__Source records__
*** Begin section ***

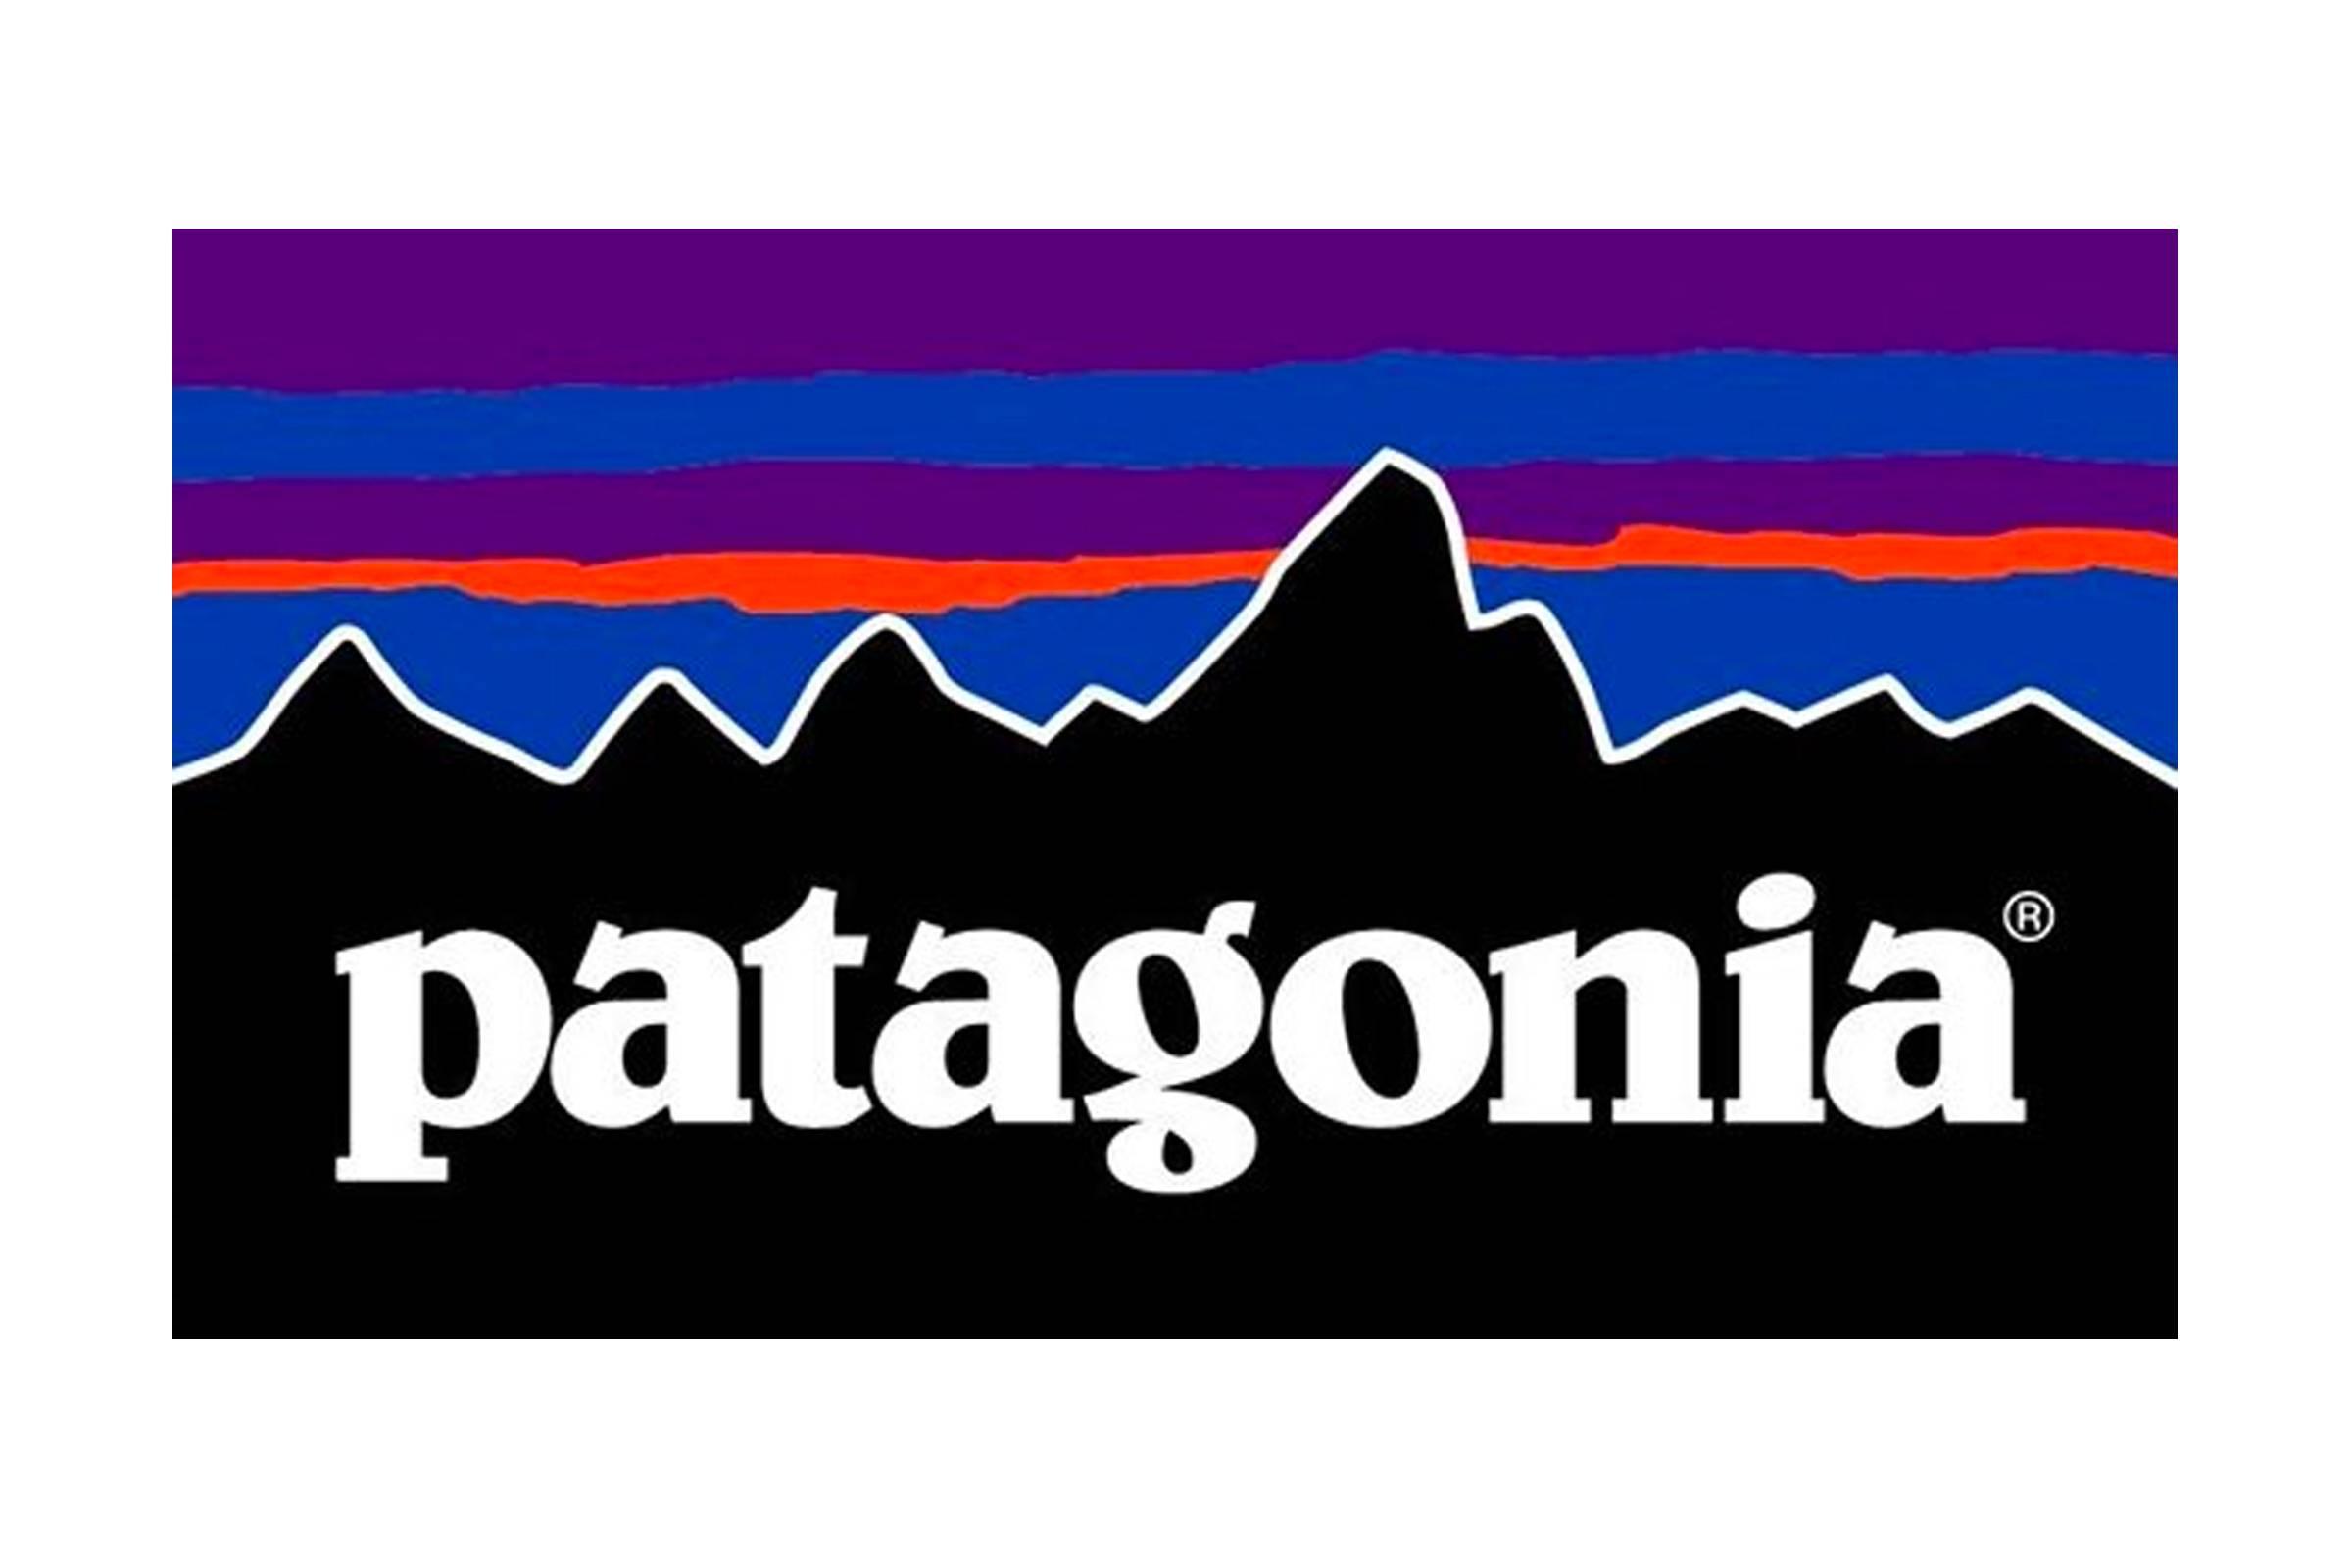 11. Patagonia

*** End section ***
*** Begin section ***

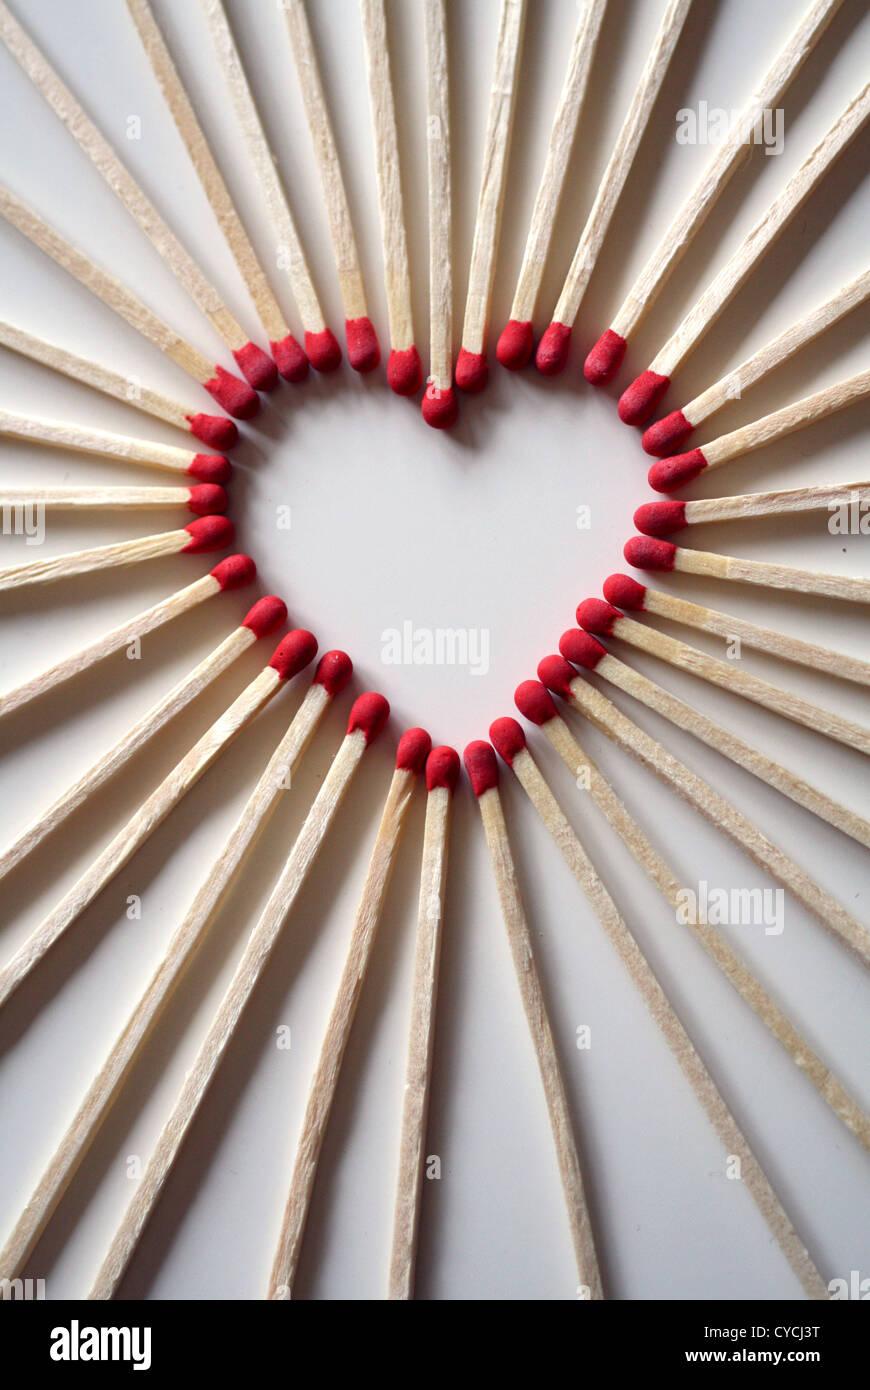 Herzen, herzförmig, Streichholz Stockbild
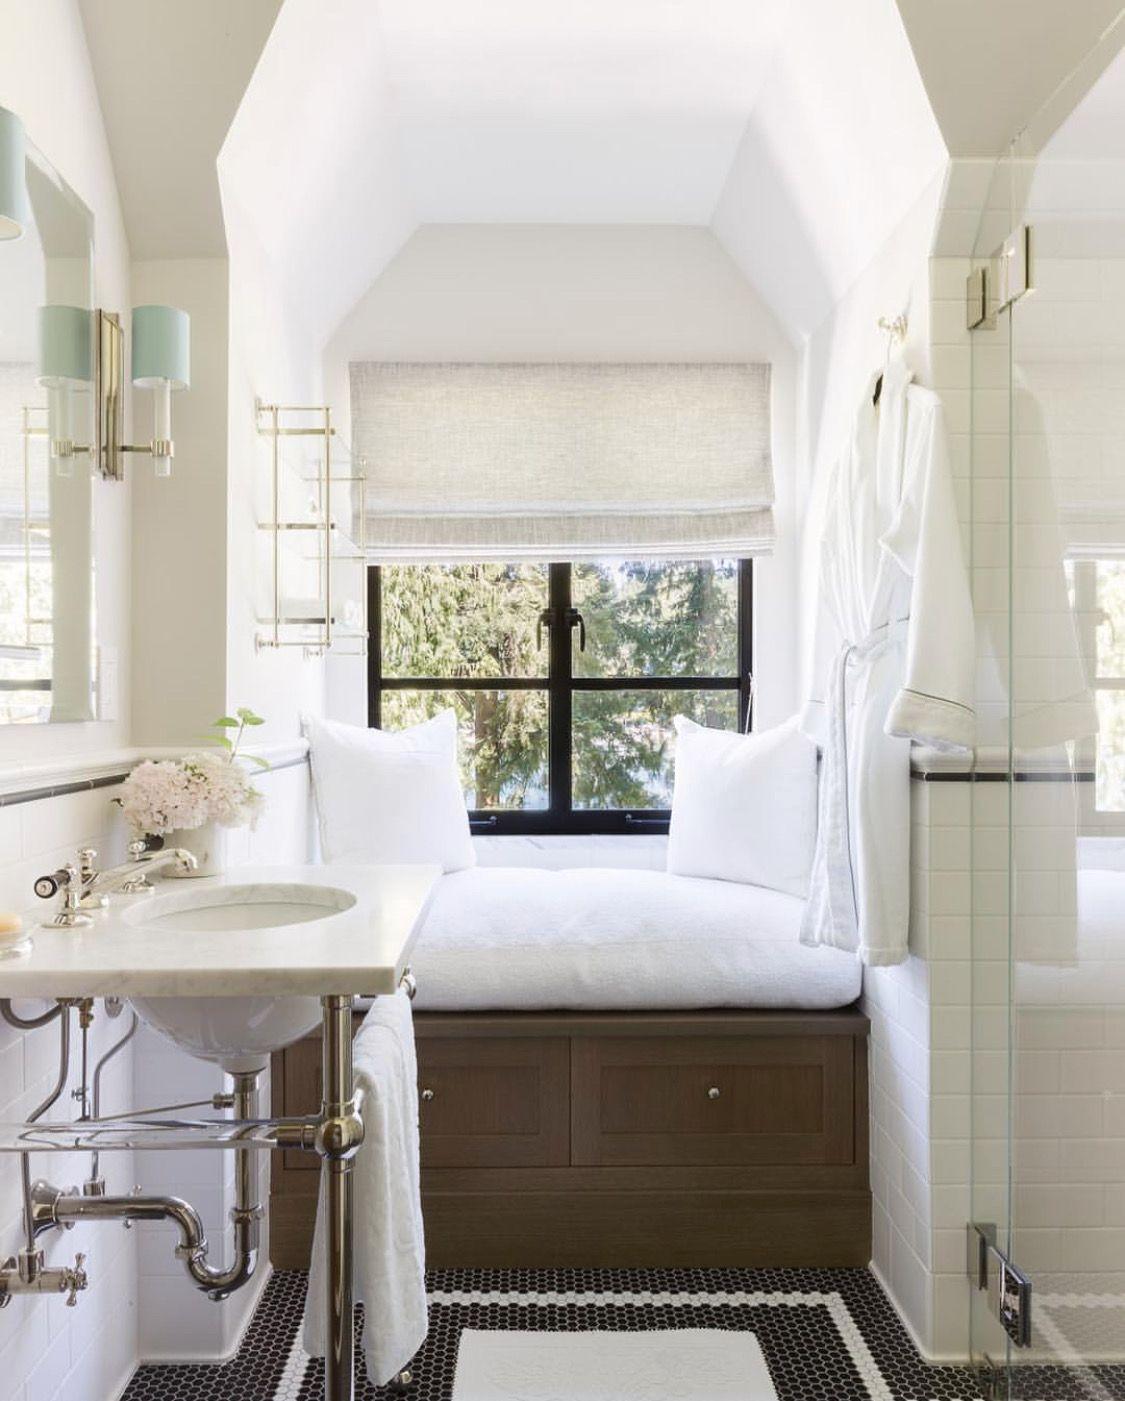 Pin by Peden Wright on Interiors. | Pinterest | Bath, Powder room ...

*** End section ***

__Instructions for the task__
Would you please repeat only the lines above, beginning at the one that has "Herzen, herzförmig, Streichholz Stockbild" and stopping after the one that has "Pin by Peden", exactly and with no pictures?

__Result__
 Herzen, herzförmig, Streichholz Stockbild
 Pin by Peden Wright on Interiors. | Pinterest | Bath, Powder room ...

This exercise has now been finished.